Elsevier

Journal of Controlled Release

Volume 93, Issue 3, 12 December 2003, Pages 293-300
Journal of Controlled Release

Oral colon-specific drug delivery for bee venom peptide: development of a coated calcium alginate gel beads-entrapped liposome

https://doi.org/10.1016/j.jconrel.2003.08.019Get rights and content

Abstract

Colon-specific drug delivery systems (CDDSs) can be used to improve the bioavailability of protein and peptide drugs through the oral route. A novel formulation for oral administration using coated calcium alginate gel beads-entrapped liposome and bee venom peptide as a model drug has been investigated for colon-specific drug delivery in vitro. Drug release studies under conditions mimicking stomach to colon transit have shown that the drug was protected from being released completely in the physiological environment of the stomach and small intestine. The release rate of bee venom from the coated calcium alginate gel beads-entrapped liposome was dependent on the concentration of calcium and sodium alginate, the amount of bee venom in the liposome, as well as the coating. Furthermore, a human γ-scintigraphy technique was used in vivo to determine drug delivery more precisely. The colonic arrival time of the tablets was found to be 4–5 h. The results clearly demonstrated that the coated calcium alginate gel beads-entrapped liposome is a potential system for colon-specific drug delivery.

Introduction

Many protein and peptide drugs cannot be administered through the oral route because of their degradation by the digestive enzymes of the stomach and the small intestine. The oral route is by far the most popular route for drug administration, and a number of studies have been carried out in attempts to deliver peptide and protein drugs effectively into the circulation. Problems such as acid-catalyzed degradation in the stomach, proteolytic breakdown in the gastrointestinal tract, poor permeability across the gastrointestinal mucosa and first-pass metabolism during transfer across the absorption barrier and in the liver must be overcome for the efficient delivery of drugs into the bloodstream. Delivery of drugs to the systemic circulation through colonic absorption represents a novel mode of introducing peptide and protein drug molecules and drugs that absorb poorly from the upper gastrointestinal tract (GIT), as the colon lacks various digestive enzymes that are present in the upper GIT. Colonic drug delivery is also useful for systemic absorption of drugs, especially protein and peptide drugs, because of the less hostile environment prevailing in the colon compared with the stomach and small intestine. The different approaches for targeting orally administered drugs to the colon include coating with pH-dependent polymers, design of timed-release dosage forms and the utilisation of carriers that are degraded exclusively by colonic bacteria [1], [2]. The poor site-specificity of pH-dependent systems, because of large variations in the pH of the gastrointestinal tract, has been very well established [3], [4]. The site-specificity of timed-release dosage forms is considered poor because of large variations in gastric emptying times [5] and in passage across the ileocaecal junction [6].

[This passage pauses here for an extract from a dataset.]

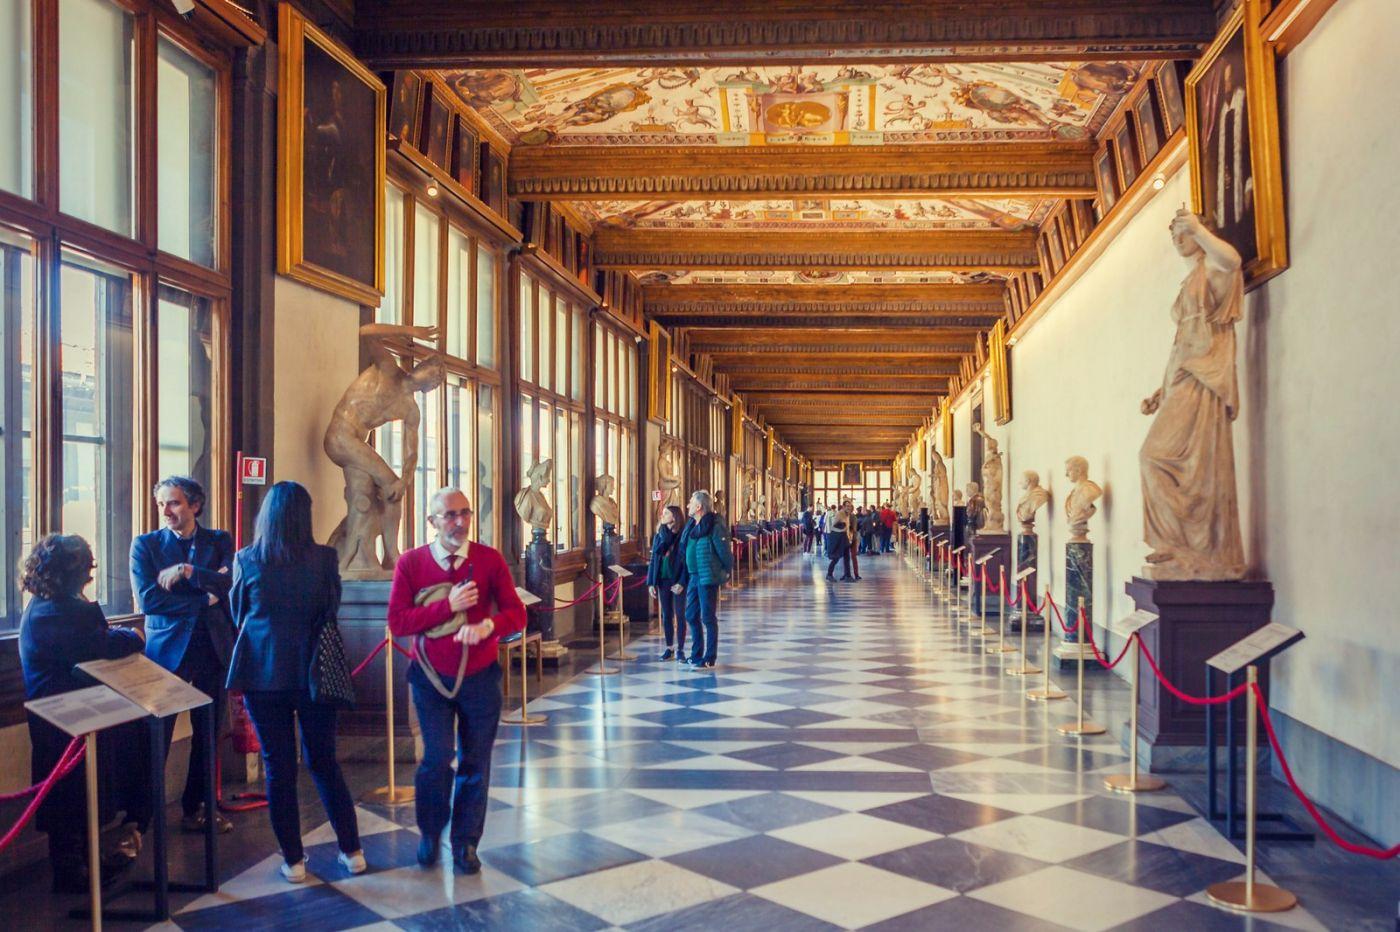 意大利佛罗伦斯乌菲兹美术馆, 进去看一看_图1-1

Alginate is a natural polyacid, and has a unique property of gel formation in the presence of multivalent cations, such as calcium ions in aqueous media, which takes place mainly at junctions in the G–G sequence rich chain region know as the “egg box junctions”. Therefore, alginate is used as an immobilization matrix for cells and enzymes as well as pharmaceutical and food adjuvants [7], [8], [9]. When an aqueous solution of sodium alginate is added dropwise to an aqueous solution of calcium chloride, a spherical gel with regular shape and size is obtained. The spherical gel is termed an “alginate bead”. Alginate beads have the advantages of being nontoxic orally and having high biocompatibility. Another advantageous property is their ability of reswell. This property is susceptible to the pH of an environment, so acid-sensitive drugs incorporated into the beads would be protected from gastric juice [10]. Because of this, many results have been reported concerning the use of alginate beads as a drug-controlled release formulation [11], [12], [13], [14]. However, the porosity of alginate beads results in a very low efficiency of incorporation with drugs that have a low molecular weight and are water-soluble drugs, and they result in a fast release of incorporated drugs. On the other hand, liposomes also provide protection of the entrapped peptides from enzymatic degradation [15], [16] and disrupt the mucosal membrane to increase absorption of peptides [17].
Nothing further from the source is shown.